WHAT IS NEEDED -
Please, without the pictures, retype exactly the lines from the start of the material through the line that holds "Implementation of the".

INFORMATION PROVIDED -
··········
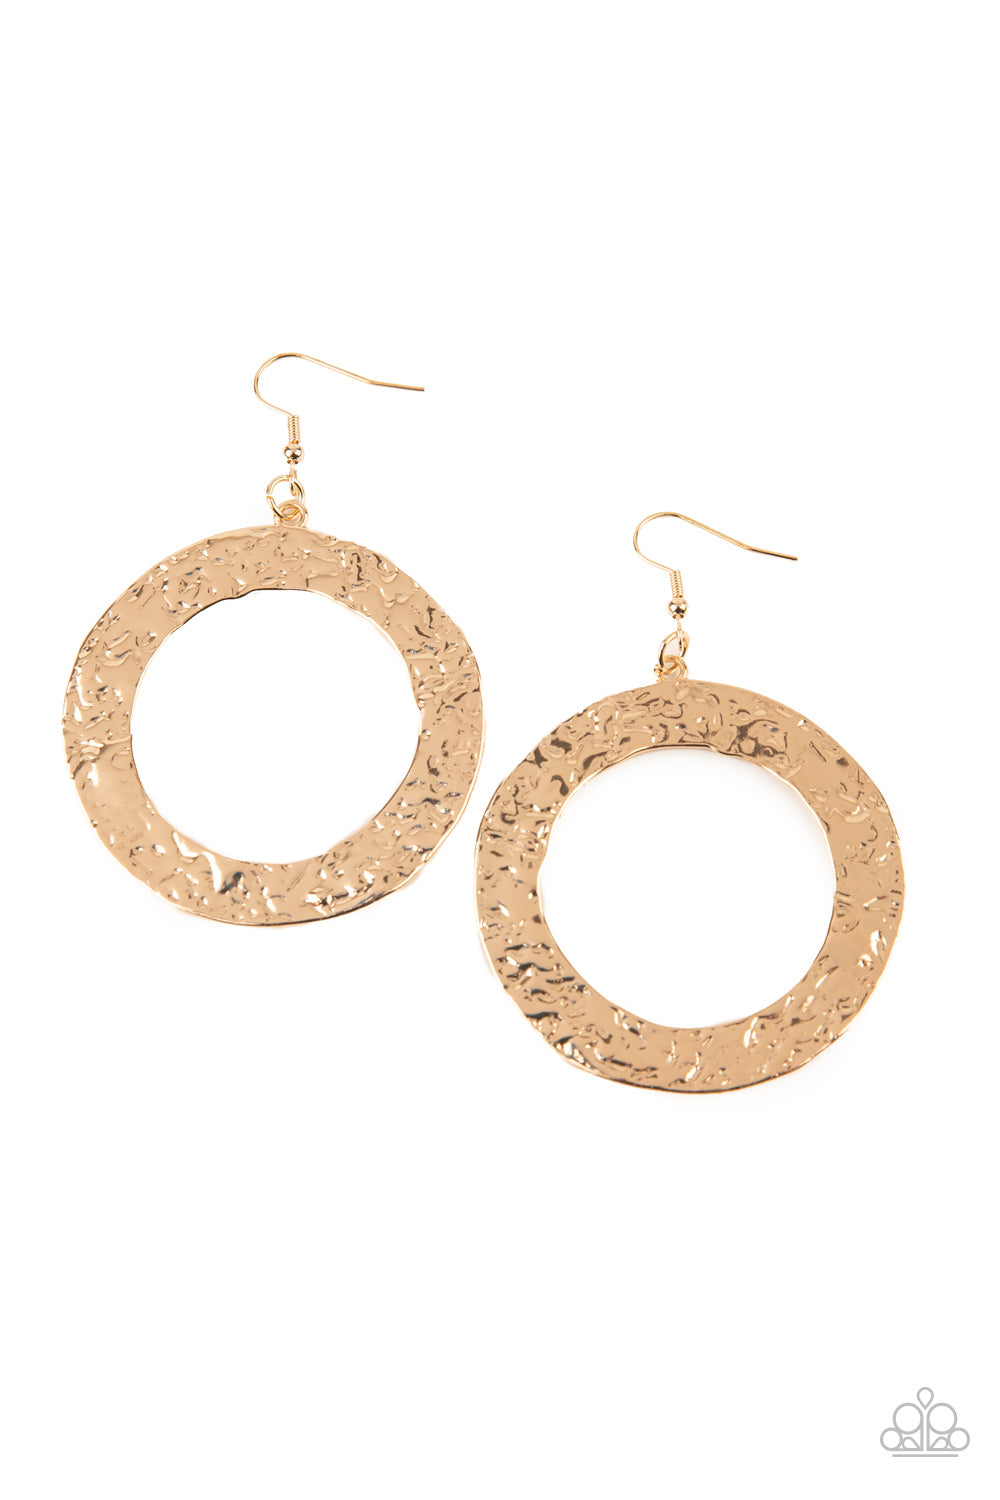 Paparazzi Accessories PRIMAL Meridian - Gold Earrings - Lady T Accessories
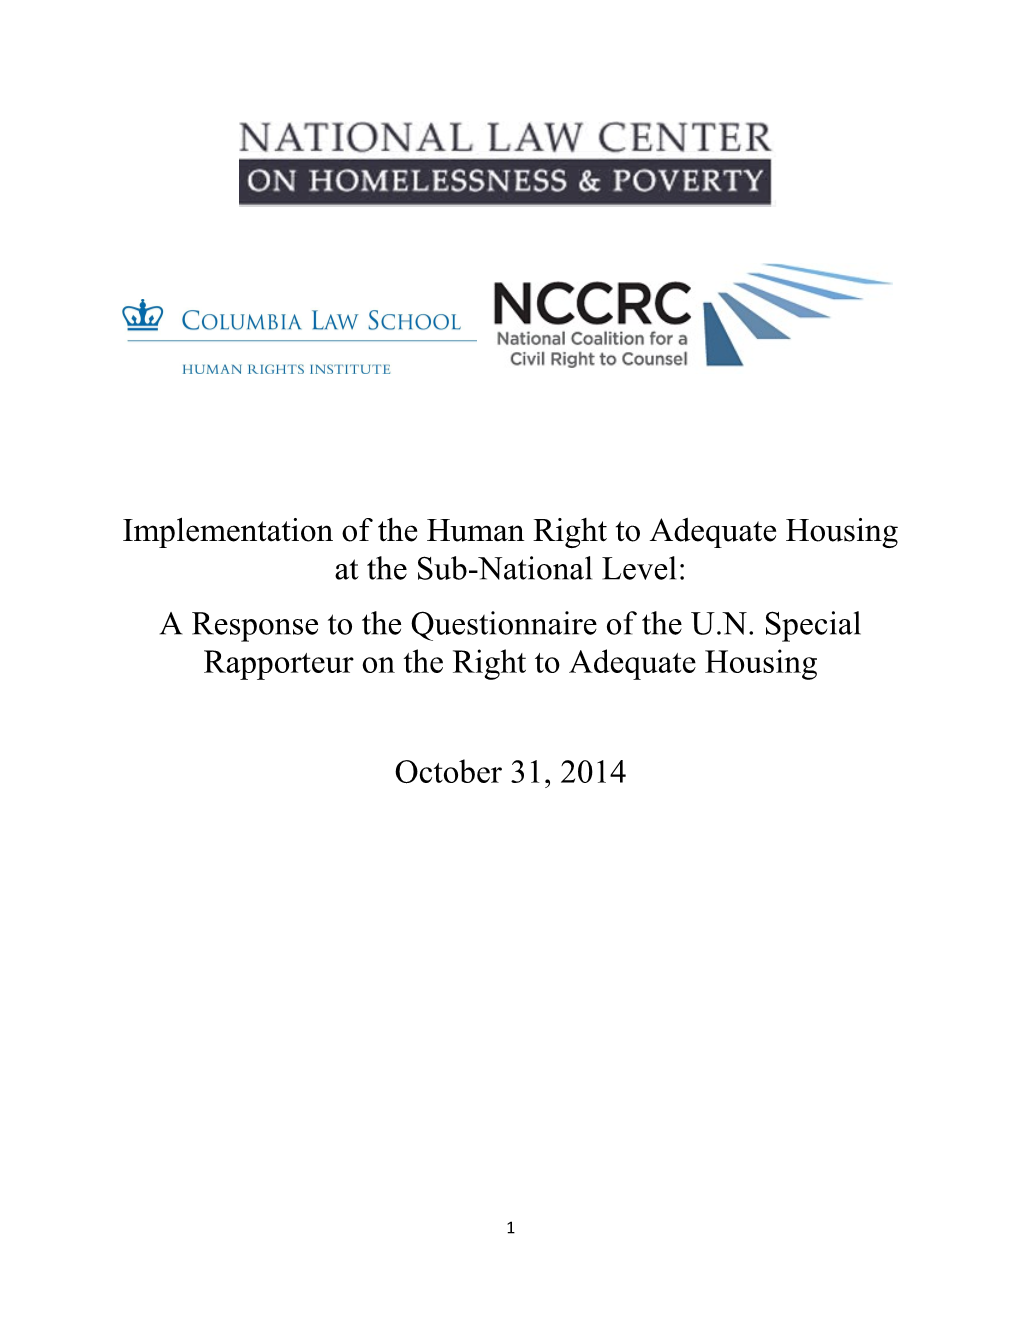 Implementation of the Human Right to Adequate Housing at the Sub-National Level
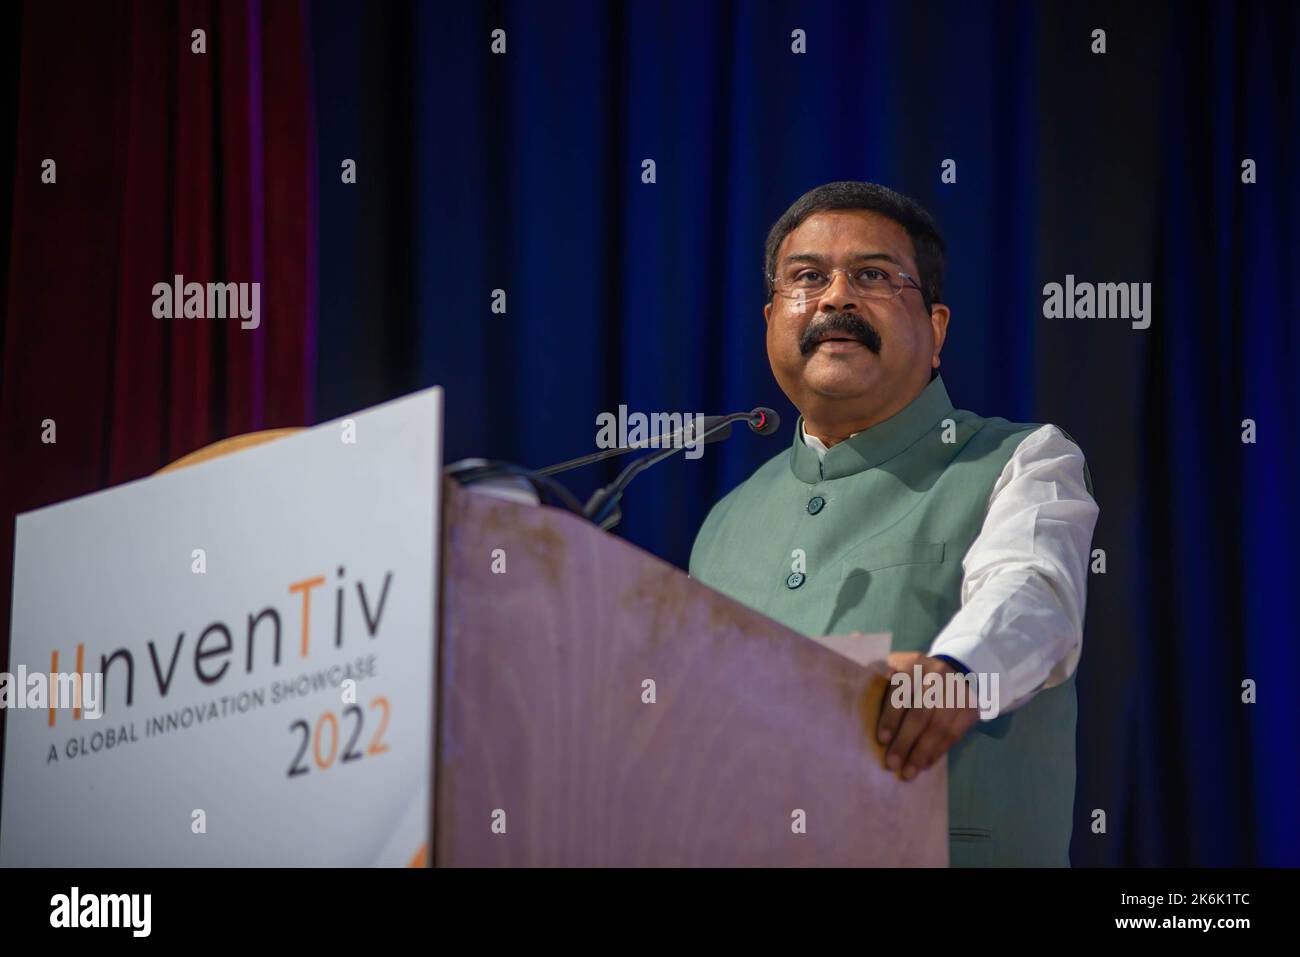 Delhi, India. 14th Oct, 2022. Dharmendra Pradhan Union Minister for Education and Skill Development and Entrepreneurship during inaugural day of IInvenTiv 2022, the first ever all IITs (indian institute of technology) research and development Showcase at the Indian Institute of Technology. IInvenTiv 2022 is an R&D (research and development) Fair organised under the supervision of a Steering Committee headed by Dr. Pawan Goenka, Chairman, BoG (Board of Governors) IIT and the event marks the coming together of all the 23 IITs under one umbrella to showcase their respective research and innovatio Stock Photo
··········
RESPONSE TO THE TASK -
 Paparazzi Accessories PRIMAL Meridian - Gold Earrings - Lady T Accessories
 Implementation of the Human Right to Adequate Housing at the Sub-National Level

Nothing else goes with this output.